JOM
- Discipline: Materials science
- Language: English
- Edited by: Justin A. Scott, Maureen Byko

Publication details
- Former name: Journal of Metals
- History: 1949–present
- Publisher: The Minerals, Metals & Materials Society (TMS), Springer Science+Business Media
- Frequency: Monthly
- Impact factor: 2.471 (2020)

Standard abbreviations
- ISO 4: JOM

Indexing
- ISSN: 1047-4838 (print) 1543-1851 (web)

Links
- Journal homepage; Web-enhanced JOM archive (1997 to 2011);

= JOM (journal) =

JOM is a technical journal devoted to exploring the many aspects of materials, science and engineering published monthly by The Minerals, Metals & Materials Society (TMS) (a member-based professional society).

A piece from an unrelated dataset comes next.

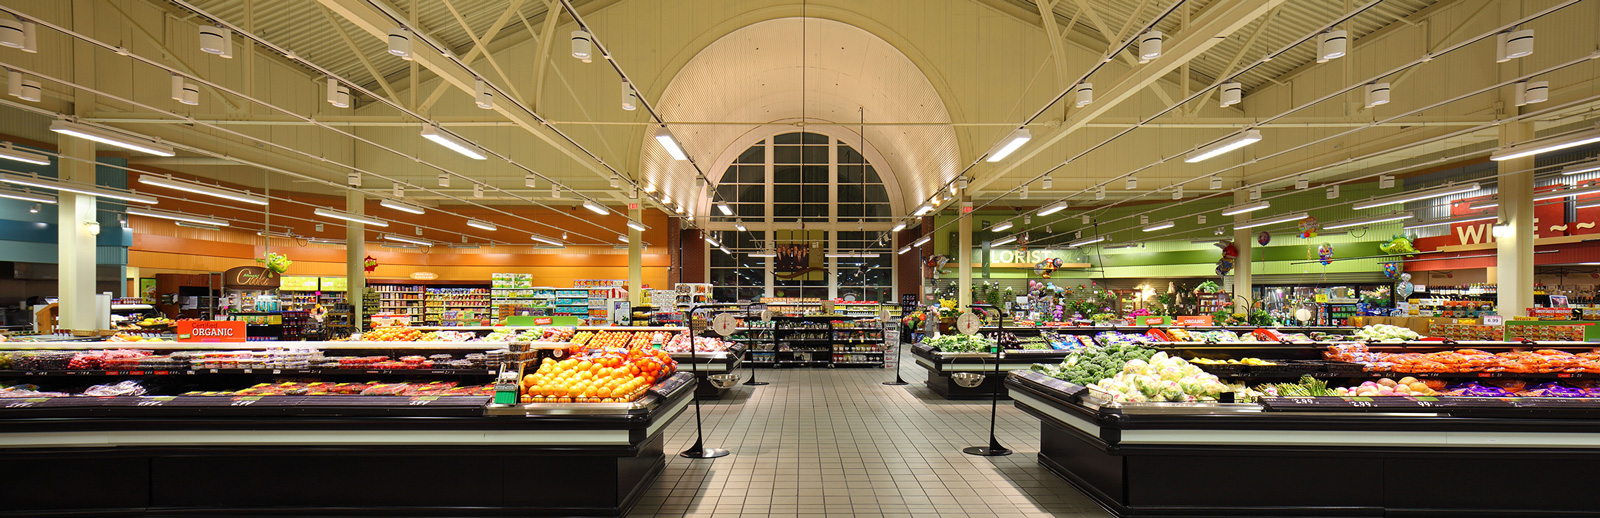 busSTRUT Supermarket Projects

JOM reports scholarly work that explores the many aspects of materials science and engineering within the broad topical areas of light metals, structural materials, functional materials, extraction and processing, and materials processing and manufacturing. JOM strives to balance the interests of the laboratory and the marketplace by reporting academic, industrial, and government-sponsored work from around the world.

==History==
From 1949 through 1988, the journal was named Journal of Metals. With materials systems becoming commonplace and with the journal frequently covering composites, plastics, and other materials, its name was changed to JOM. It is published by TMS, which is headquartered in Pittsburgh, Pennsylvania.